Discussion in 'Journalism topics only' started by Football_Bat, Dec 8, 2009.

  1. I Should Coco

    I Should Coco Well-Known Member

    U.P. Pow-er! (clap, clap, clap-clap-clap, clap-clap-clap, clap-clap) :D
    Last edited by a moderator: Dec 15, 2014
  2. T&C

    T&C Member

    In recent weeks Edmonton Oilers coach Pat Quinn mentioned to the media after a game that it was "Hudson Bay Rules" on the ice. I gather that not all reporters knew what he meant which led to a discussion by hockey researchers about the meaning and the origin of the term. Anyone who grew up playing hockey in Western Canada years ago would know that "Hudson Bay Rules" basically means no rules and the officials are letting everything go. Then a week or two after the discussion, an oldtimers player I know told me he heard a broadcaster on a game coming from the US refer to "Hudson River Rules." Bet we never hear that one for at least another 60 years.
  3. Double J

    Double J Active Member

    Are Hudson River Rules radically different from Hudson Bay Rules, given that the river and the bay are nowhere near each other? :)
  4. novelist_wannabe

    novelist_wannabe Well-Known Member

    I know, no outing. But ... you haven't ever worked in Northwest Georgia, have you?

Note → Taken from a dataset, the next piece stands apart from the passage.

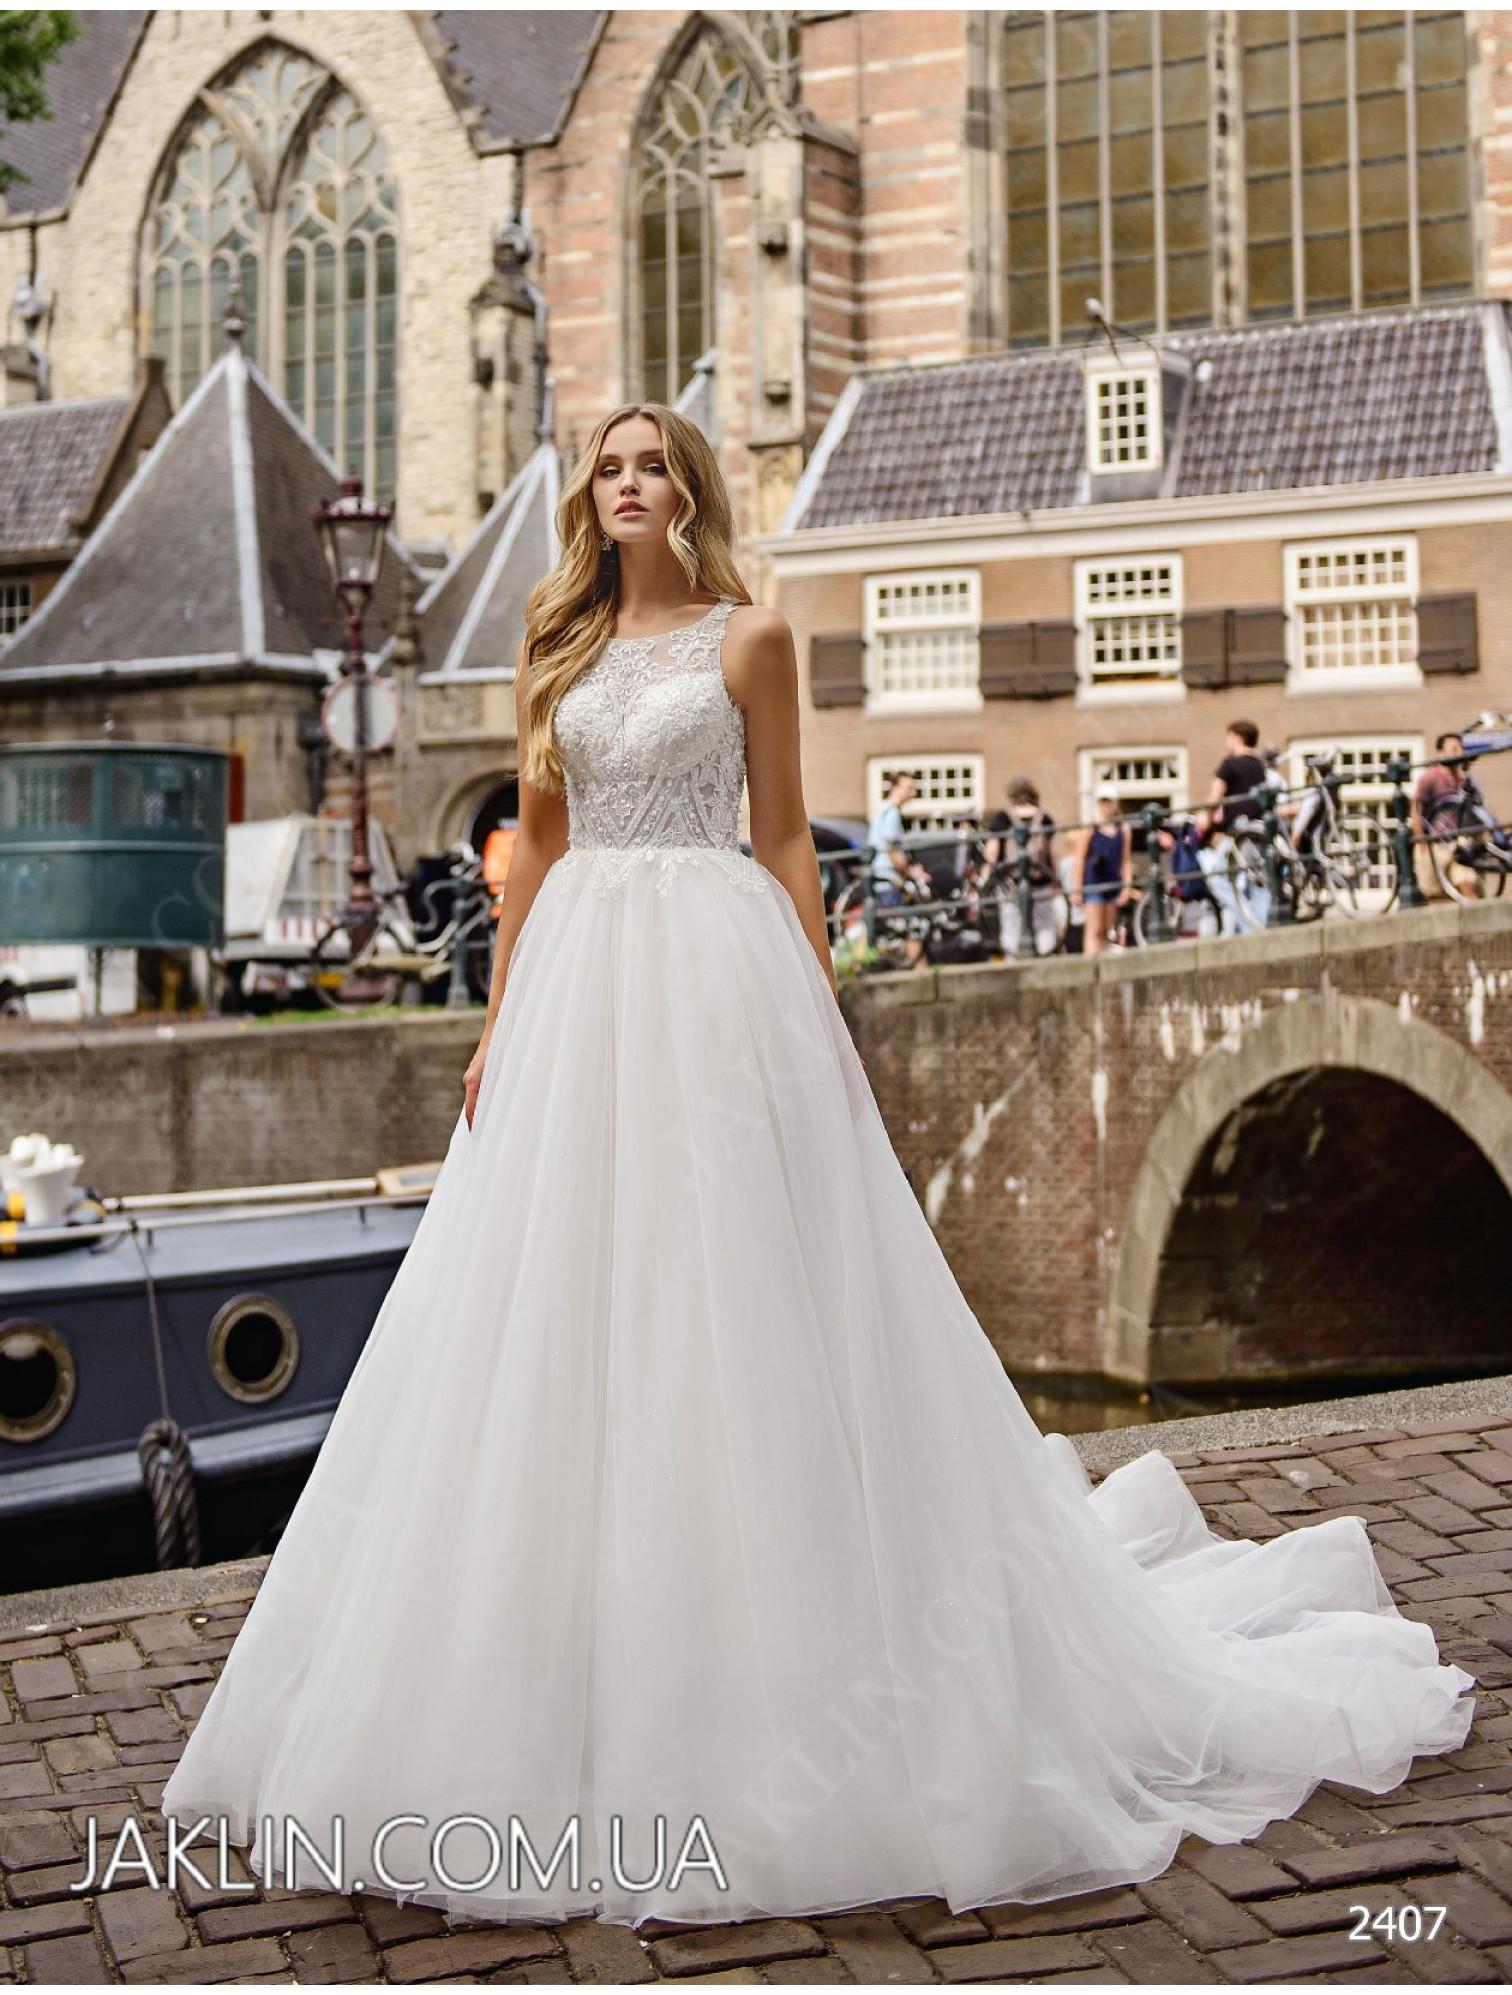 Весільна сукня 2407

    And along with thinclads was cinders. The thinclads hit the cinders for the lidlifting meet of the spring.

    Or something like that.
  5. Songbird

    Songbird Well-Known Member

    No. I first heard it used in Bennington in '95 from a late, great coach, used it often and then took it with me to other stops along the Sportswriterbahn.
  6. novelist_wannabe

    novelist_wannabe Well-Known Member

    They guy I heard thinclads and cinders from was the most anachronism-spewing sports writer I've known.
  7. Songbird

    Songbird Well-Known Member

    Never used cinders. My vernacular was enough 8)
  8. hpdrifter

    hpdrifter Member

    "Record profits"

    oh, maybe i read the thread title incorrectly.

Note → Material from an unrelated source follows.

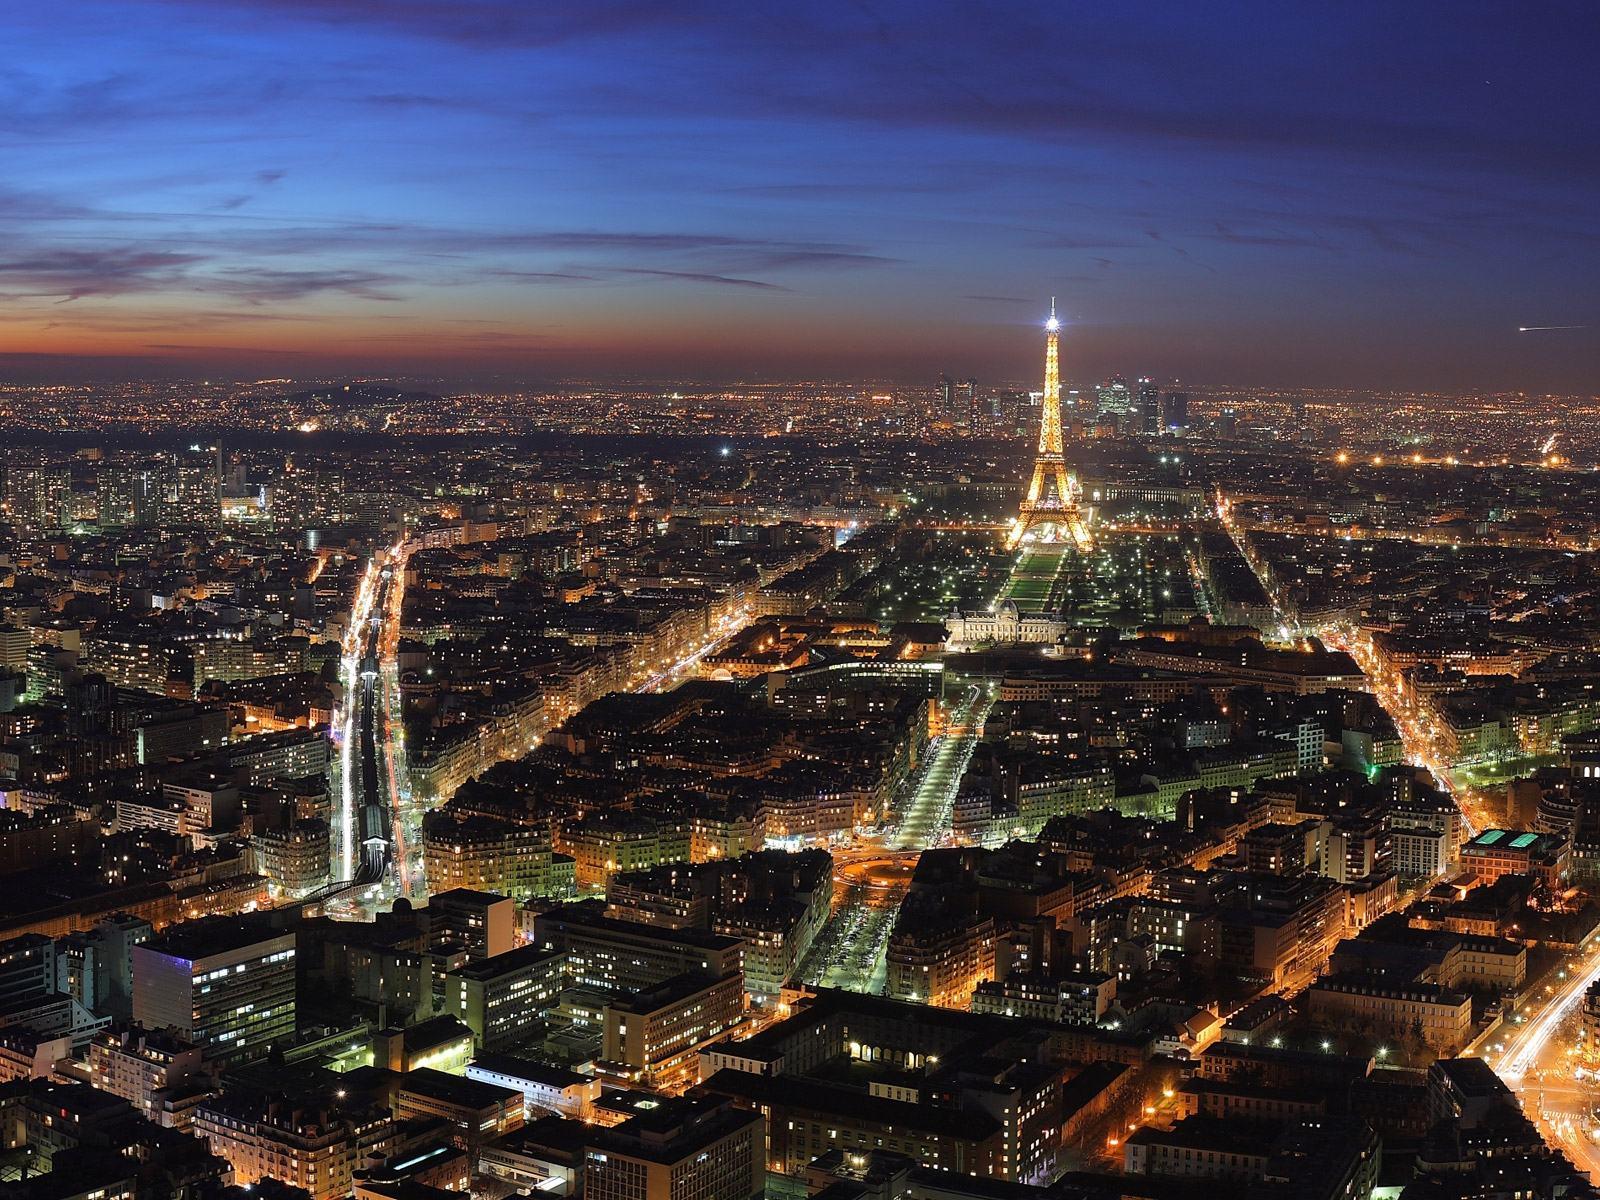 Ֆրանսիայի տեսարժան վայրերը թռչնի թռիչքի բարձրությունից

    lug the leather to the land of six
    tote the pigskin
    3 to make 2 (anyone, anyone?)
  9. Pfoosman

    Pfoosman New Member

    I read the words 'record profits' in a story about oil companies last quarter... And the quarter before that... And the quarter before that... And...
  10. golfnut8924

    golfnut8924 Guest

    I haven't been following this thread so sorry if these have been mentioned already .....

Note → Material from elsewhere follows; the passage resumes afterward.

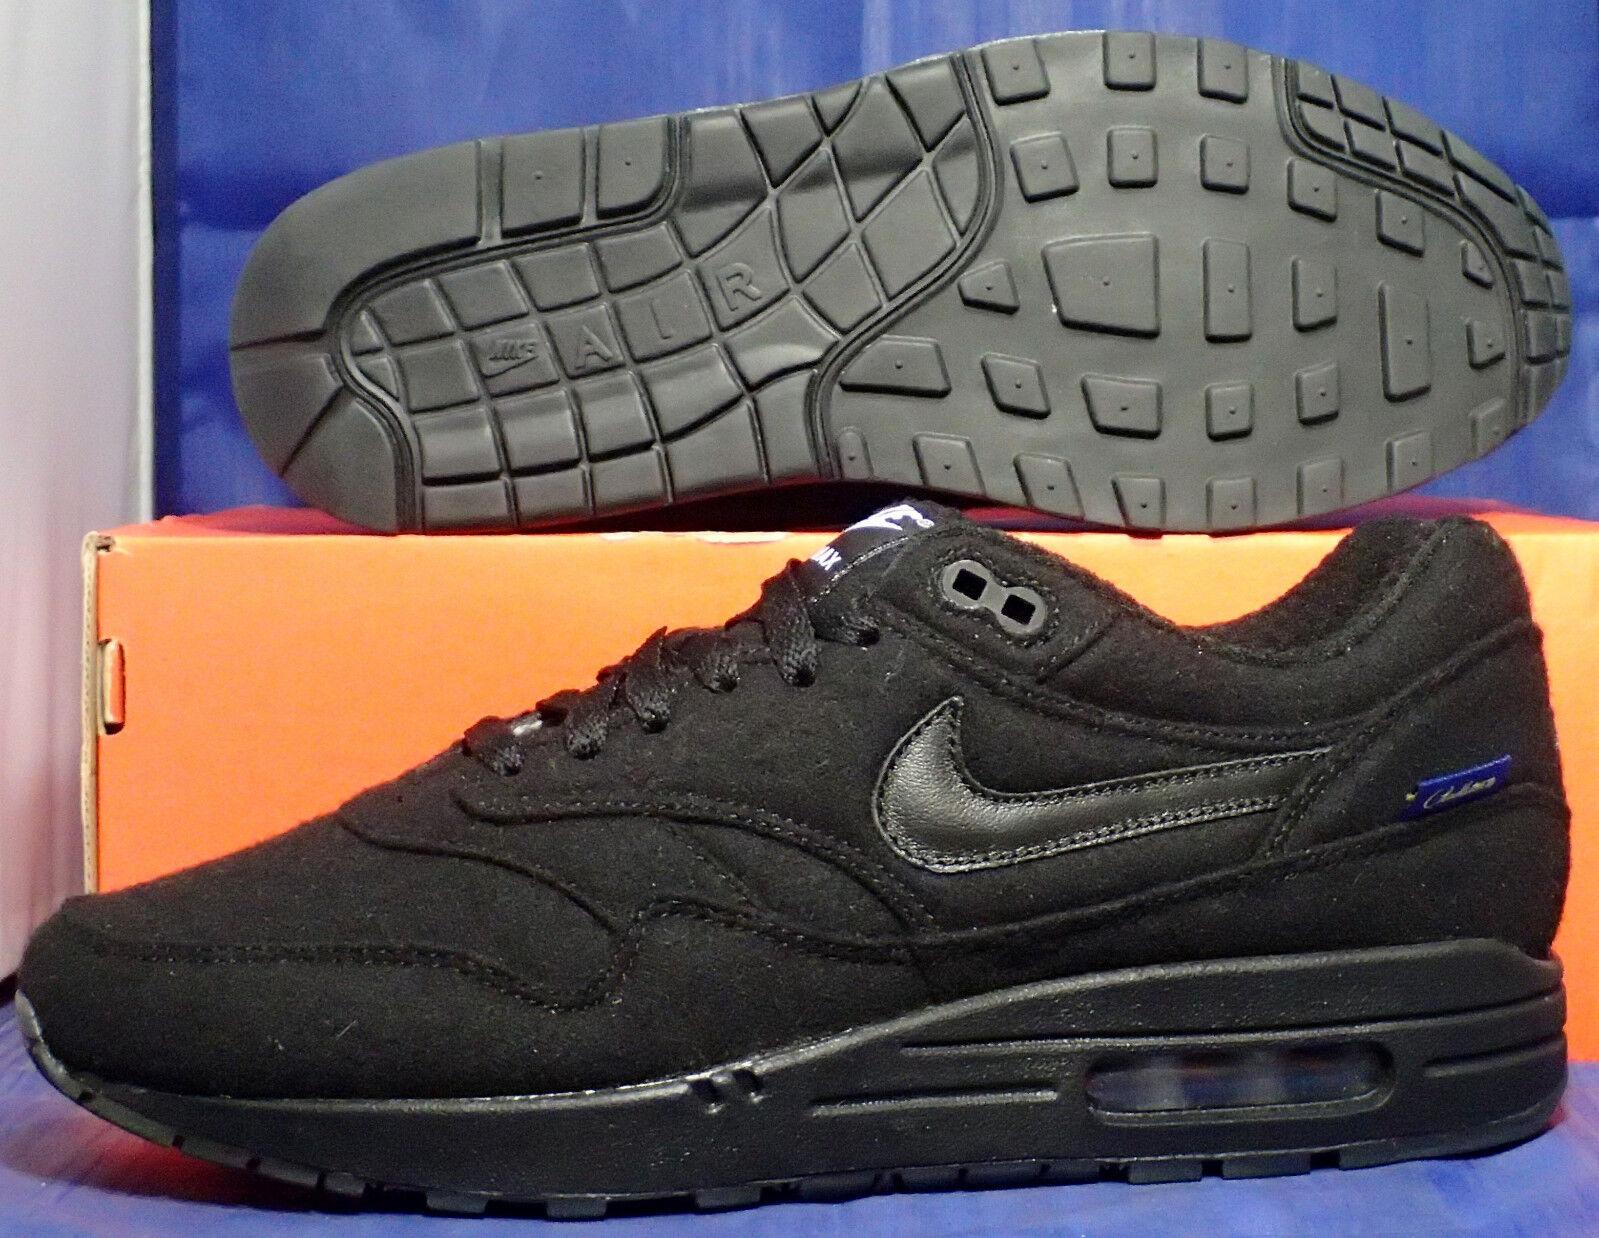 Nike air max 1 premio pendleton id nero sz (744453-991)

    I had a former SE who was in his 60's. He had two quirky ones for soccer players -- "booters" and "soccermen." He would use them in headlines too, like "Podunk booters win big" or "Podunk soccermen in playoffs." The other staffers and I always mocked him for those and he insisted that those were common terms years ago. I'm far too youung to know .... any truth to that??
  11. expendable

    expendable Well-Known Member

    I use booters in headlines, just to break up three or four soccer stories, but I've never have heard of soccermen. Doubt I'll begin to use it, either.
  12. finishthehat

    finishthehat Active Member

    I had never seen the Dallas Cowboys referred to as "the Pokes" until I came to Dallas and saw it in headlines. I don't know if they still use it up there or not.